The backstory
Evaluating image generation models used to be incredibly difficult because qualitative differences—like typography adherence, spatial reasoning, and dynamic lighting—can't be easily captured by old automated metrics like FID or standard CLIP scores.
General 'Arena' platforms, where users blindly click which image they like better, are great for a vibe check, but they don't help practitioners understand why one model is better for a specific task. I wanted a platform that treated image generation like a rigorous science instead of an unpredictable art form.
What ImageBench.ai does
ImageBench is a streamlined, transparent benchmark platform. Instead of relying on legacy metrics or pure crowd preference, it utilizes advanced VLM-based judges (specifically Qwen 3 L and Qwen 122B) paired with human evaluations to methodically rate images.

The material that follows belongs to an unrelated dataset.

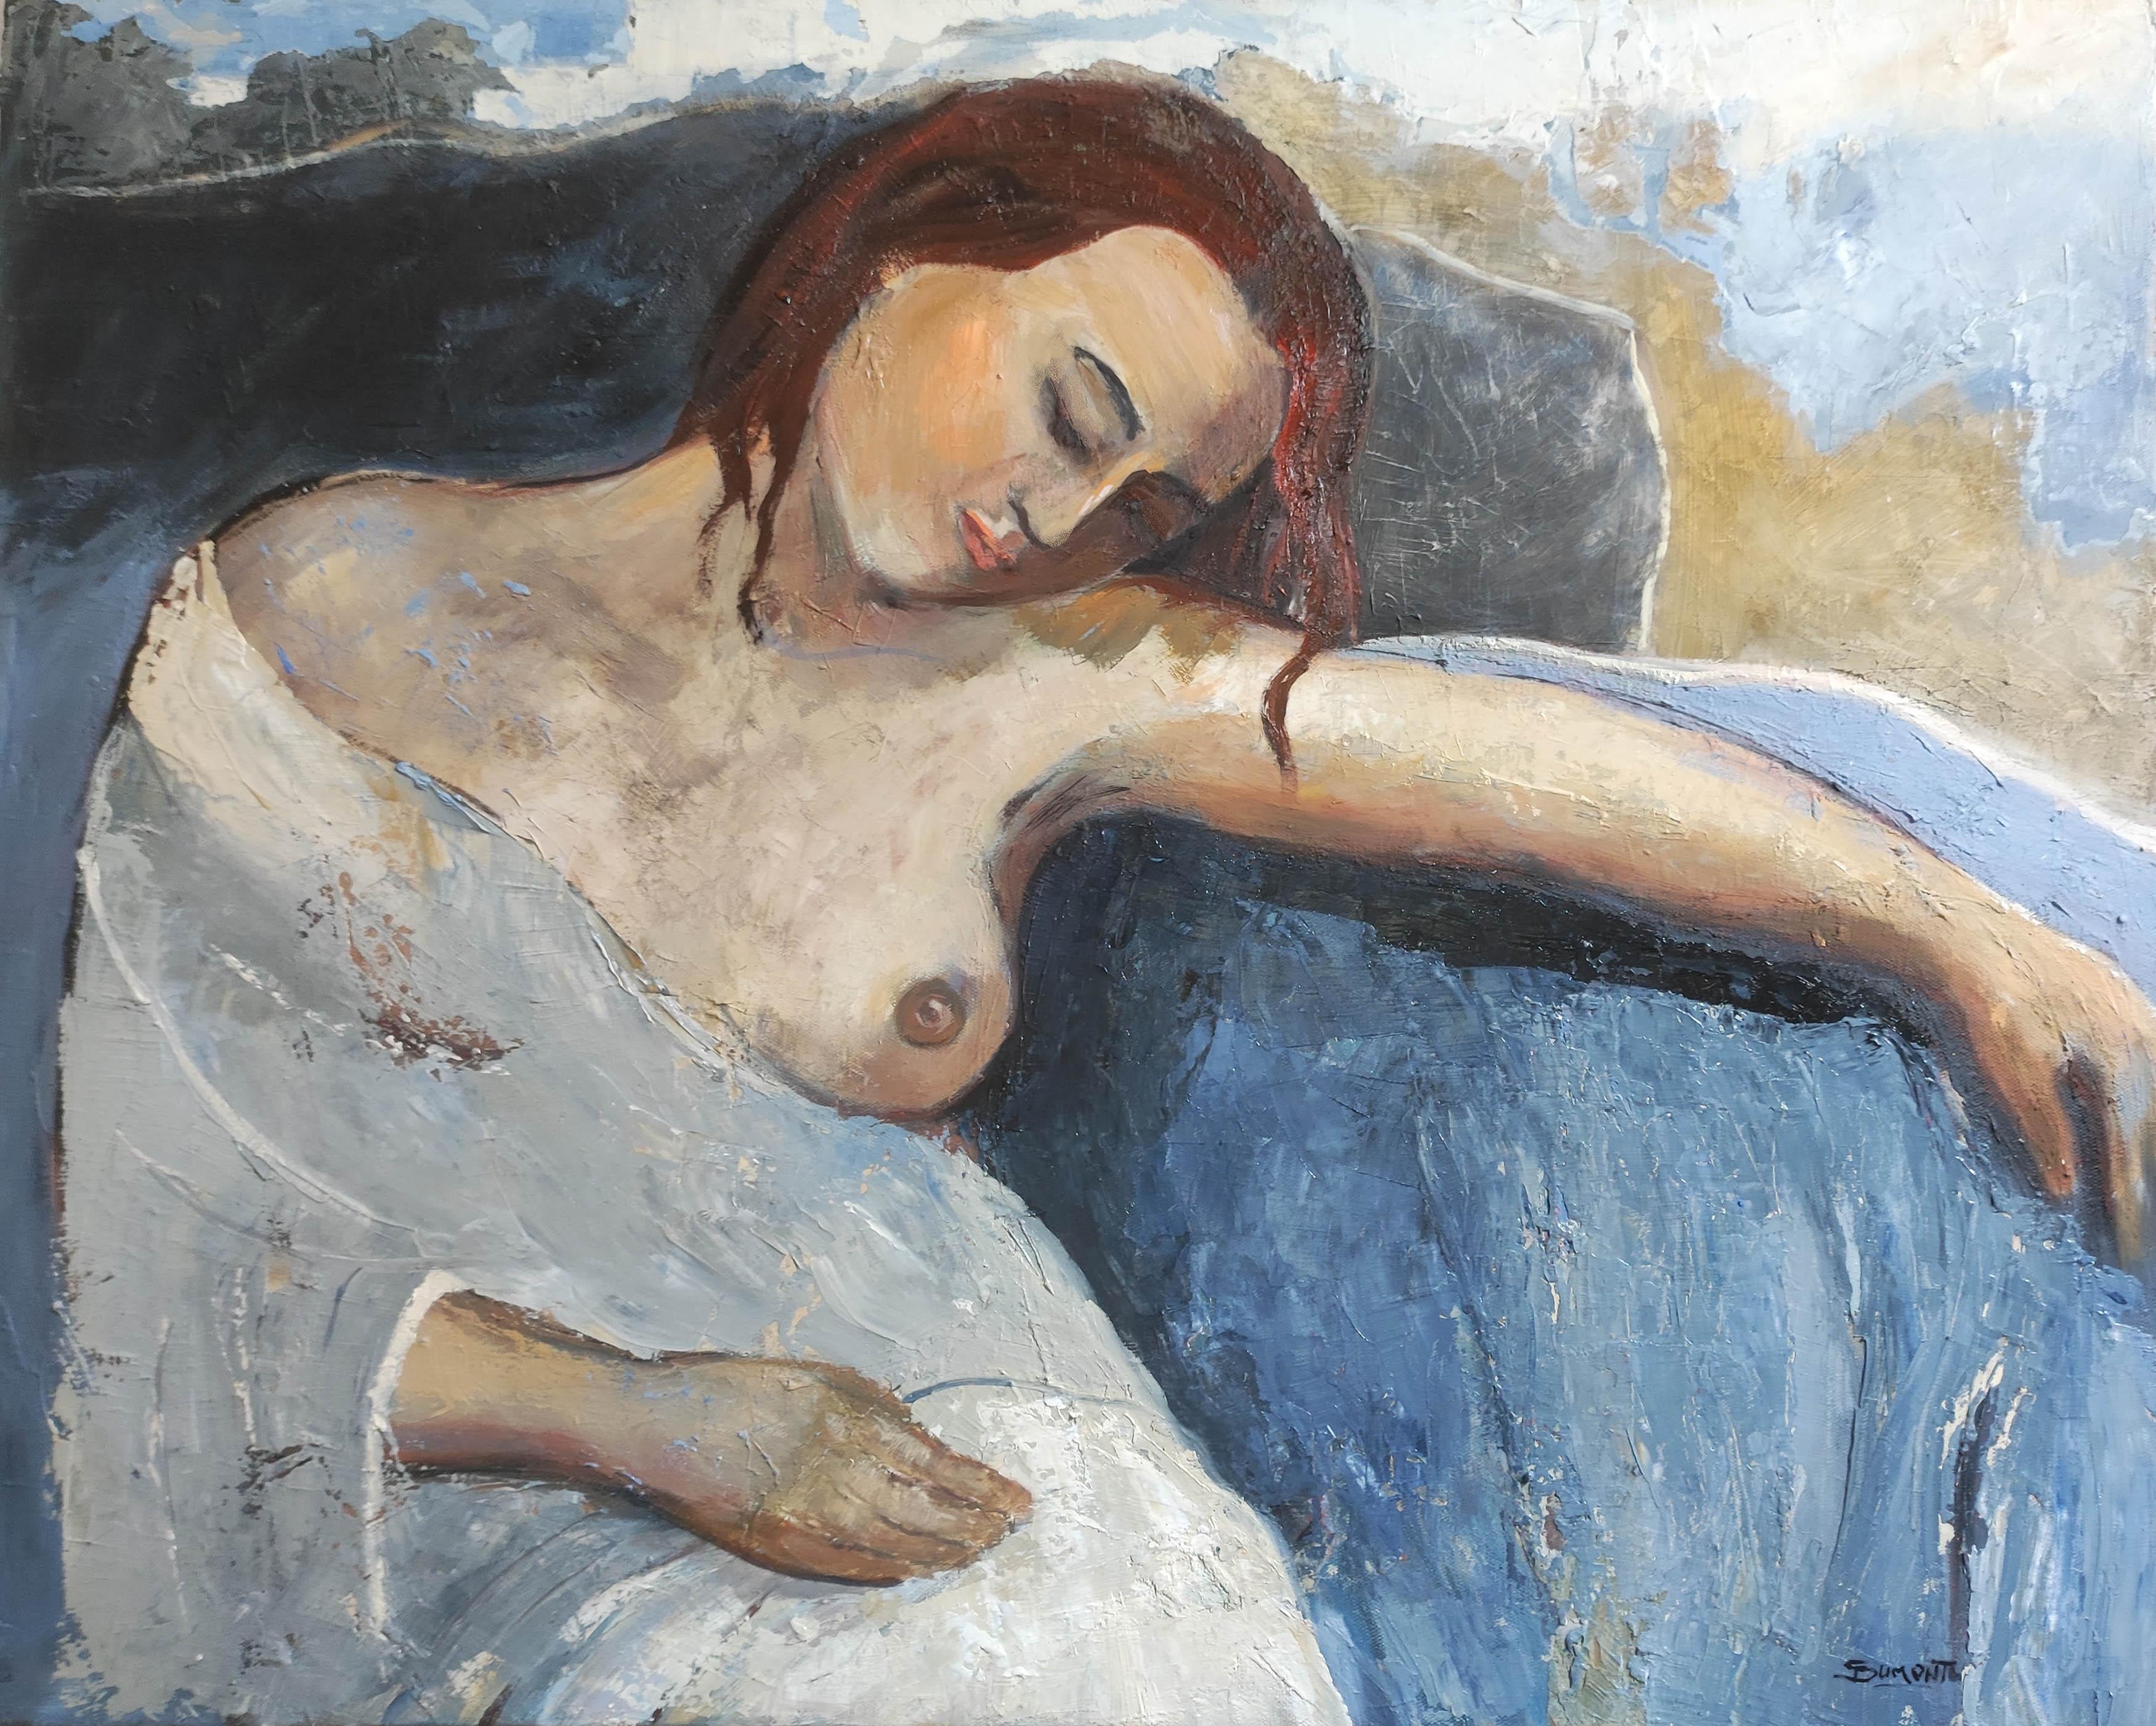 Femme nue bleue, huile sur toile, peinture figurative, contemporaine - Painting de SOPHIE DUMONT

Models are evaluated across extremely focused categories:
- Text Rendering
- Spatial Reasoning
- Human Realism
- Truthfulness
- Professional Studio
- Graphical Design
Users can explore a global leaderboard, compare two models side-by-side using the built-in Versus Mode, and deep dive into the underlying dataset using the platform's seamless interactive Hero Showcase, which instantly renders images directly off the edge without lag.
How it was created:
This project was brought to life using an AI agent:
- Next.js 15 (App Router) on Cloudflare Pages
- React 18, TypeScript, Tailwind CSS with fully responsive custom aesthetics
- Next.js dynamic metadata (next/og) replacing complex headless browsers for OpenGraph images and SVGs
- Clean file-based JSON dataset routing for benchmarks